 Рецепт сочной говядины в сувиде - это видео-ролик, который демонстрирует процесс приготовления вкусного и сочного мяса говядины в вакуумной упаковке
☆ ☆ ☆ ☆ ☆ ☆ ☆
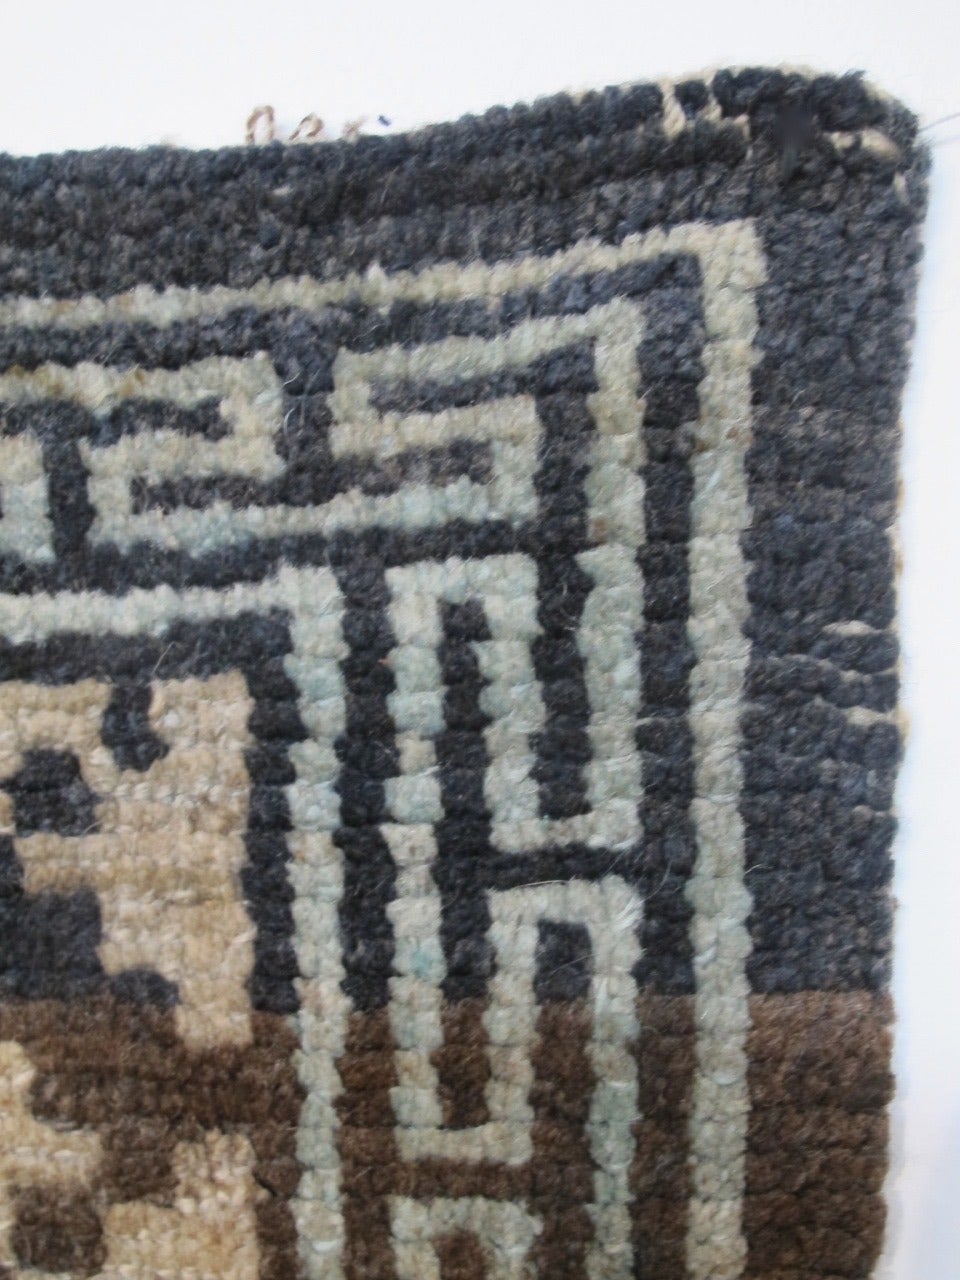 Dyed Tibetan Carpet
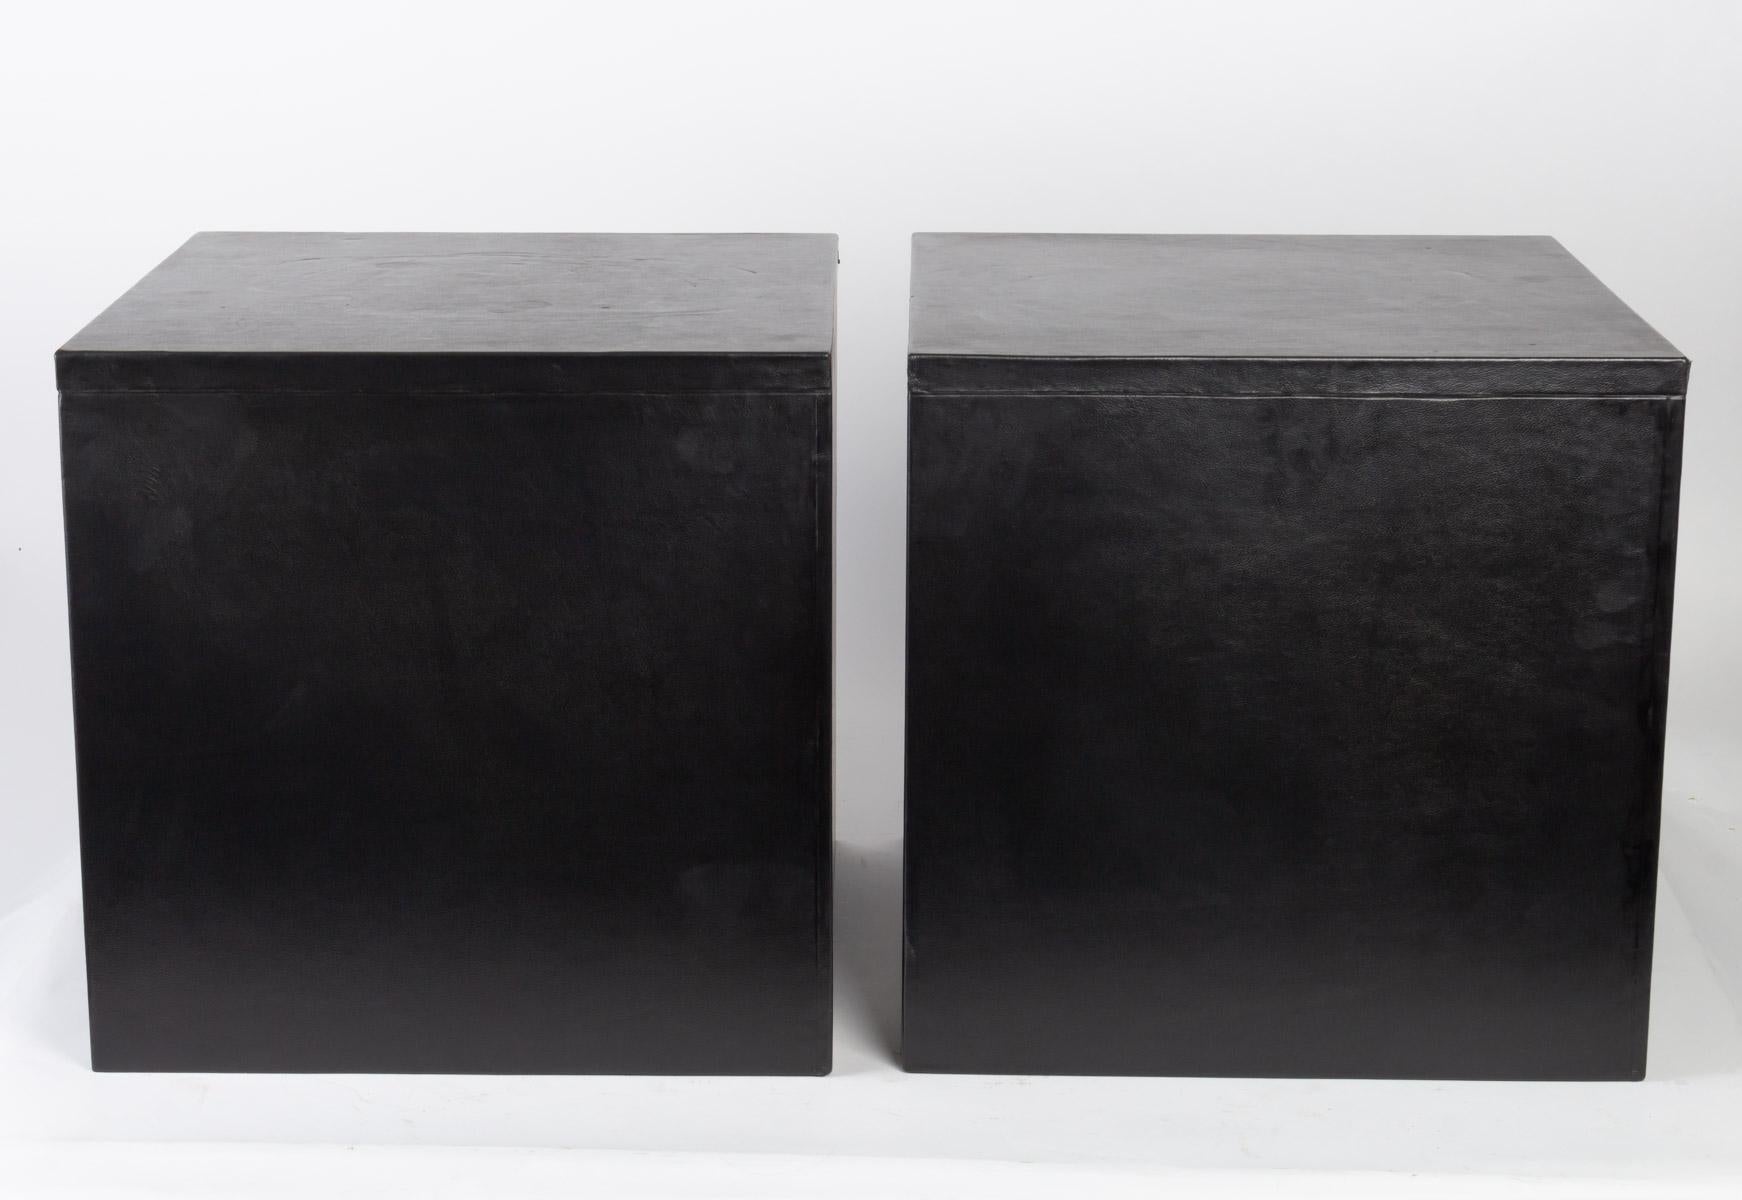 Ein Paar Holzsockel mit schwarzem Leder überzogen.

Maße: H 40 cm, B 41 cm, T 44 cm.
☆ ☆ ☆ ☆ ☆ ☆ ☆
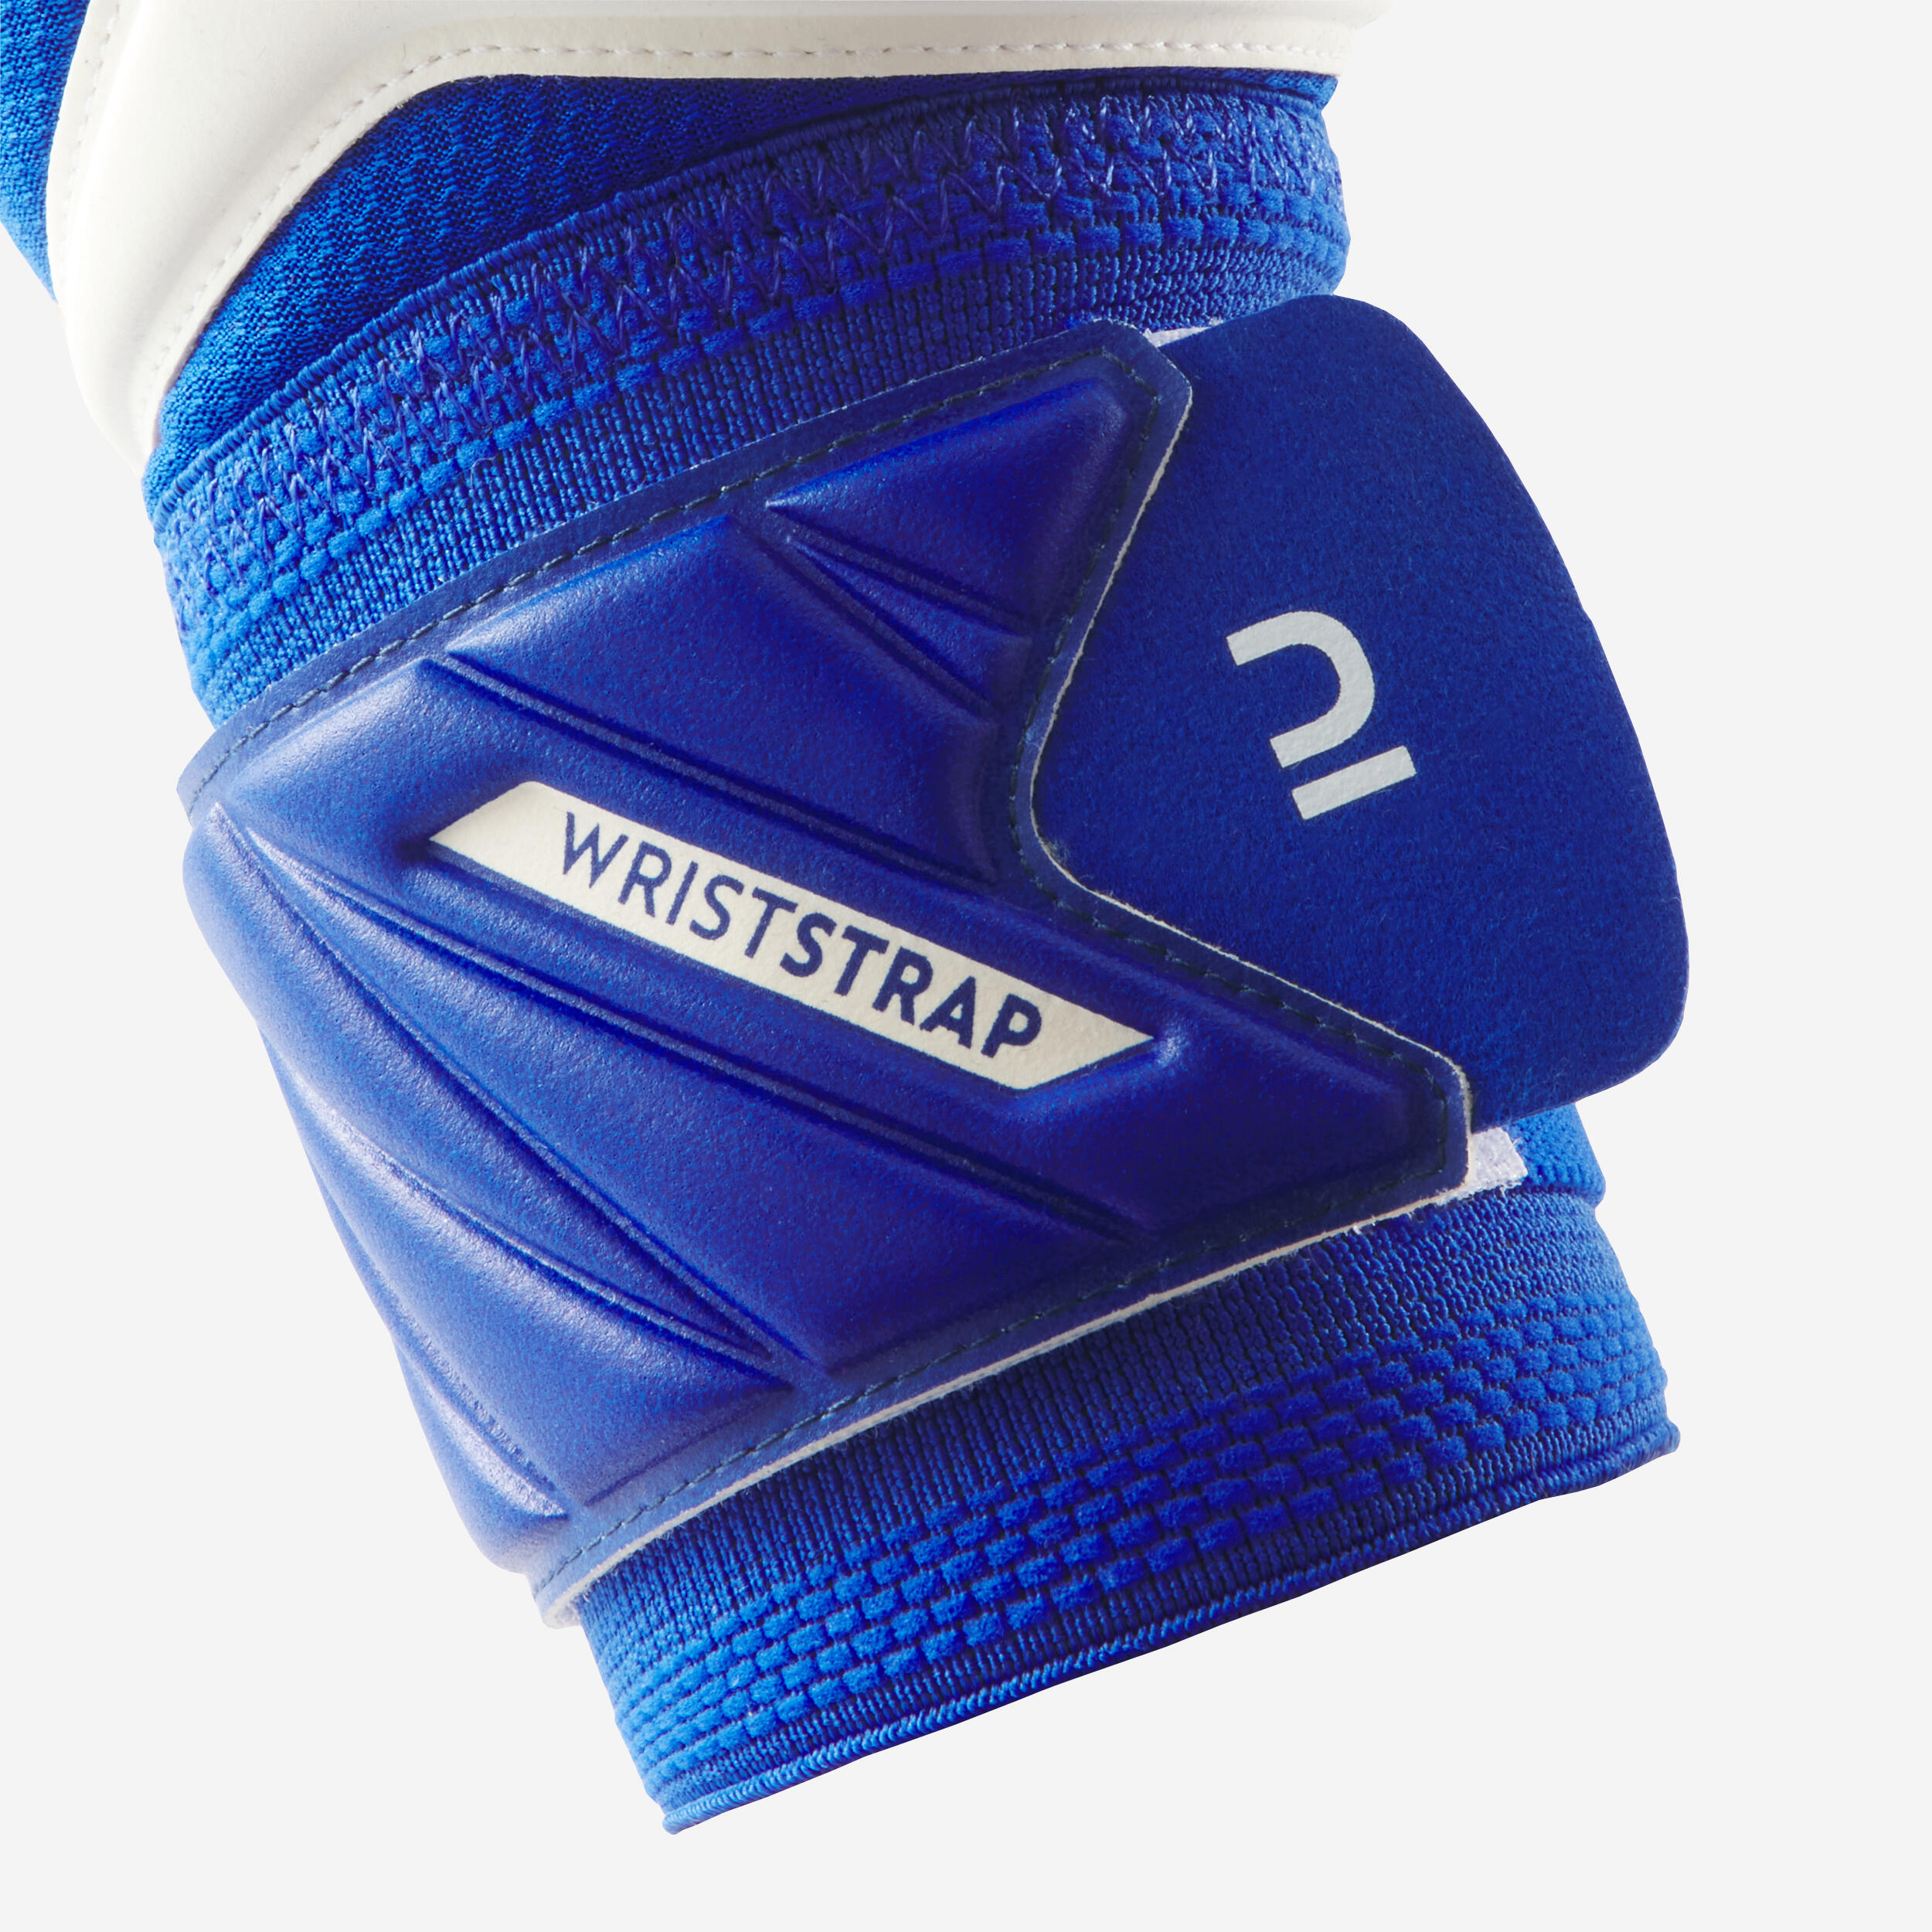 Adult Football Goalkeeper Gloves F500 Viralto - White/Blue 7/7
☆ ☆ ☆ ☆ ☆ ☆ ☆
Task description
Starting at the line containing "Dyed Tibetan Carpet" and finishing at the line containing "Maße: H 40 cm, B 41 cm, T 44 cm.", return those lines exactly as they appear above, without the pictures.

Written answer
 Dyed Tibetan Carpet
 Ein Paar Holzsockel mit schwarzem Leder überzogen.

Maße: H 40 cm, B 41 cm, T 44 cm.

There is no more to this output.